PyCaret
PyCaret is an open-source, low-code machine learning library and end-to-end model management tool built in Python to automate machine learning workflows. Its ease of use, simplicity, and ability to quickly and efficiently build and deploy end-to-end machine learning pipelines will amaze you.
PyCaret is an alternate low-code library that can replace hundreds of lines of code with few lines only. This makes the experiment cycle exponentially fast and efficient.

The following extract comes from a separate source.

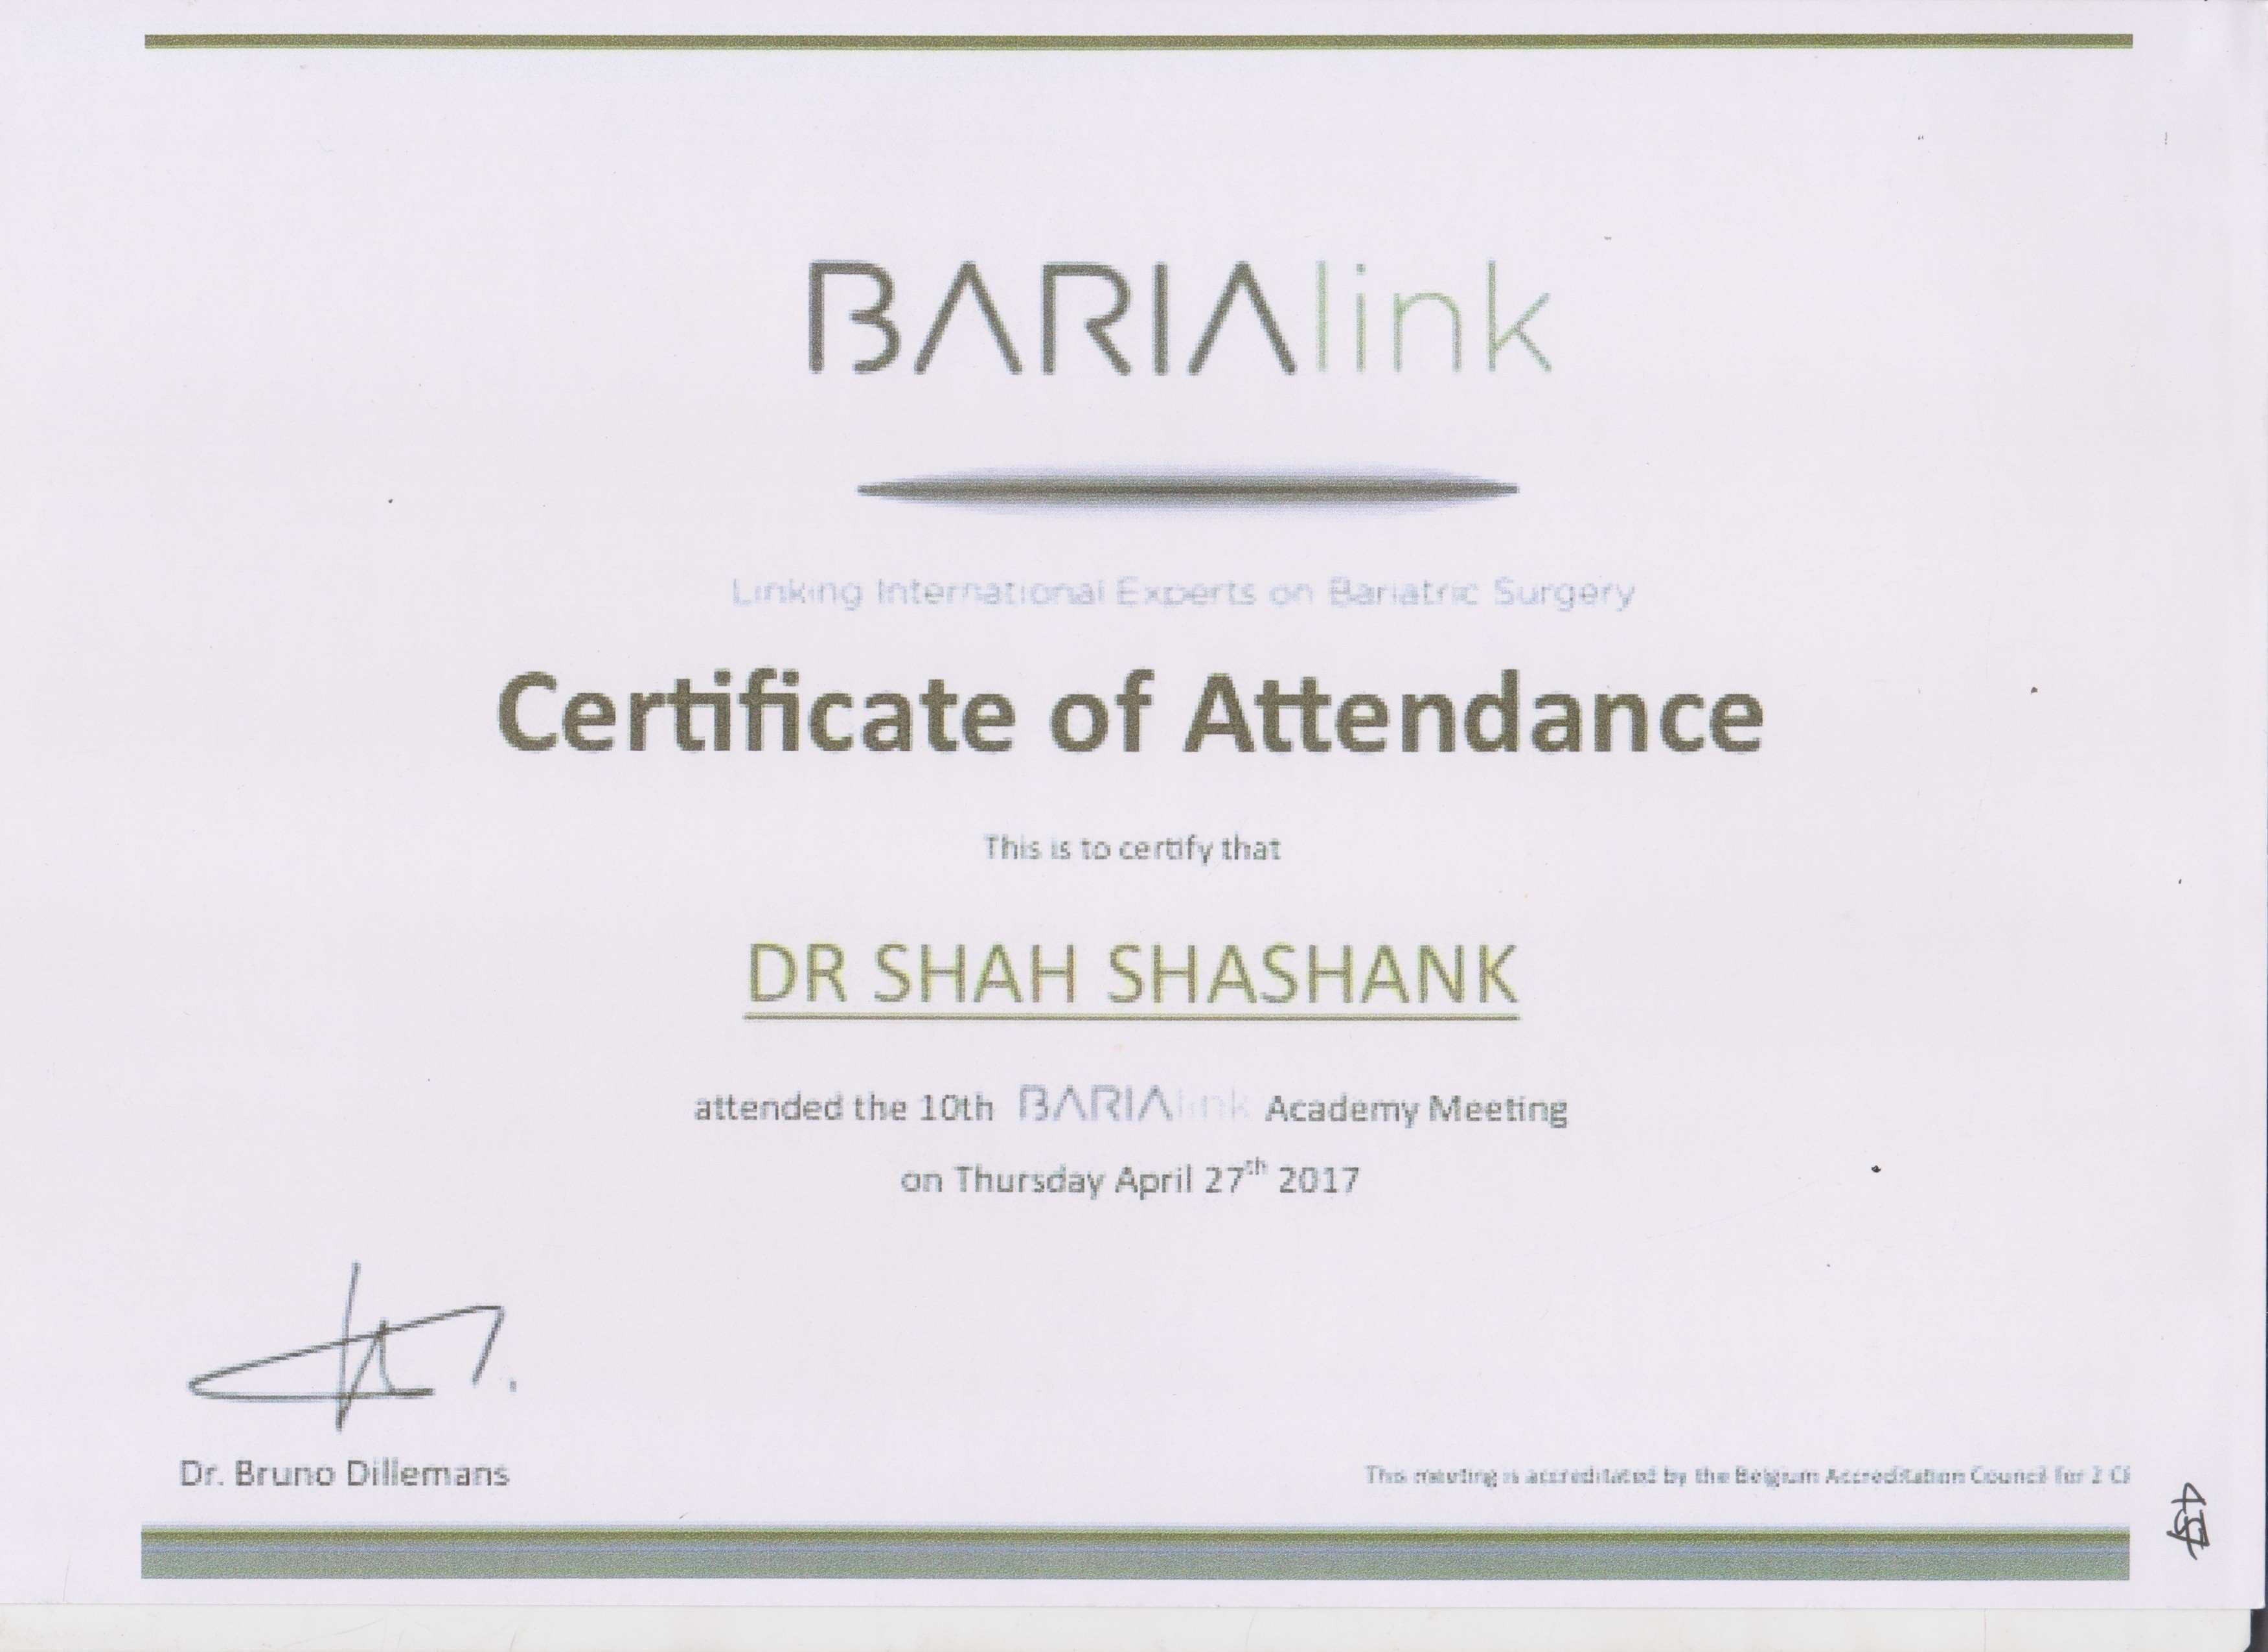 Dr Shashank Shah’s Certificate of Attendance of the 10th Barialink Academy Meeting in 2017.

PyCaret is simple and easy to use. All the operations performed in PyCaret are sequentially stored in a Pipeline that is fully automated for deployment. Whether it’s imputing missing values, one-hot-encoding, transforming categorical data, feature engineering, or even hyperparameter tuning, PyCaret automates all of it.
KNIME
KNIME Analytics Platform is open-source software for creating data science. Intuitive, open, and continuously integrating new developments, KNIME makes understanding data and designing data science workflows and reusable components accessible to everyone.
KNIME Analytics platform is one of the most popular open-source platforms used in data science to automate the data science process. KNIME has thousands of nodes in the node repository which allows you to drag and drop the nodes into the KNIME workbench. A collection of interrelated nodes creates a workflow that can be executed locally as well as can be executed in the KNIME web portal after deploying the workflow into the KNIME server.
Installation
For this tutorial, you will need two things. The first one being the KNIME Analytics Platform which is a desktop software that you can download from here. Second, you need Python.
The easiest way to get started with Python is to download Anaconda Distribution. To download, click here.
Once you have both the KNIME Analytics Platform and Python installed, you need to create a separate Conda environment in which we will install PyCaret. Open the Anaconda prompt and run the following commands:
# create a conda environment
conda create –name knimeenv python=3.6
# activate environment
conda activate knimeenv
# install pycaret
pip install pycaret
Now open the KNIME Analytics Platform and go to File → Install KNIME Extensions → KNIME & Extensions → and select KNIME Python Extension and install it.
Once installation completes, go to File → Preferences → KNIME → Python and select your Python 3 environment. Notice that in my case the name of the environment is “powerbi”. If you have followed the commands above, the name of the environment is “knimeenv”.
We are ready now
Click on “New KNIME Workflow” and a blank canvas will open.
On the left-hand side, there are tools that you can drag and drop on the canvas and execute the workflow by connecting each component to one another. All the actions in the repository on the left side are called Nodes.
Dataset
For this tutorial, I am using a regression dataset from PyCaret’s repository called ‘insurance’. You can download the data from here.
I will create two separate workflows. First one for model training and selection and the second one for scoring the new data using the trained pipeline.
Model Training & Selection
Let’s first read the CSV file from the CSV Reader node followed by a Python Script. Inside the Python script execute the following code:
# init setup, prepare data
from pycaret.regression import *
s = setup(input_table_1, target = ‘charges’, silent=True)
# model training and selection
best = compare_models()
# store the results, print and save
output_table_1 = pull()
output_table_1.to_csv(‘c:/users/moezs/pycaret-demo-knime/results.csv’, index = False)
# finalize best model and save
best_final = finalize_model(best)
save_model(best_final, ‘c:/users/moezs/pycaret-demo-knime/pipeline’)
This script is importing the regression module from pycaret, then initializing the setup
function which automatically handles train_test_split and all the data preparation tasks such as missing value imputation, scaling, feature engineering, etc. compare_models
trains and evaluates all the estimators using k-fold cross-validation and returns the best model. pull
function calls the model performance metric as a Dataframe which is then saved as results.csv
on a local drive. Finally, save_model
saves the entire transformation pipeline and model as a pickle file.
When you successfully execute this workflow, you will generate pipeline.pkl
and results.csv
file in the defined folder.
This is what results.csv
contains:
These are the cross-validated metrics for all the models. The best model, in this case, is Gradient Boosting Regressor.
Model Scoring
We can now use our pipeline.pkl
to score on the new dataset. Since I do not have a separate dataset for ‘insurance.csv’, what I will do is drop the target column from the same file, just to demonstrate.
I have used the Column Filter node to remove the target column i.e. charges
. In the Python script, execute the following code:
# load pipeline
from pycaret.regression import load_model, predict_model
pipeline = load_model(‘c:/users/moezs/pycaret-demo-knime/pipeline’)
# generate predictions and save to csv
output_table_1 = predict_model(pipeline, data = input_table_1)
output_table_1.to_csv(‘c:/users/moezs/pycaret-demo-knime/predictions.csv’, index=False)
When you successfully execute this workflow, it will generate predictions.csv
.
I hope that you will appreciate the ease of use and simplicity in PyCaret. When used within an analytics platform like KNIME, it can save you many hours of coding and then maintaining that code in production. With less than 10 lines of code, I have trained and evaluated multiple models using PyCaret and deployed an ML Pipeline KNIME.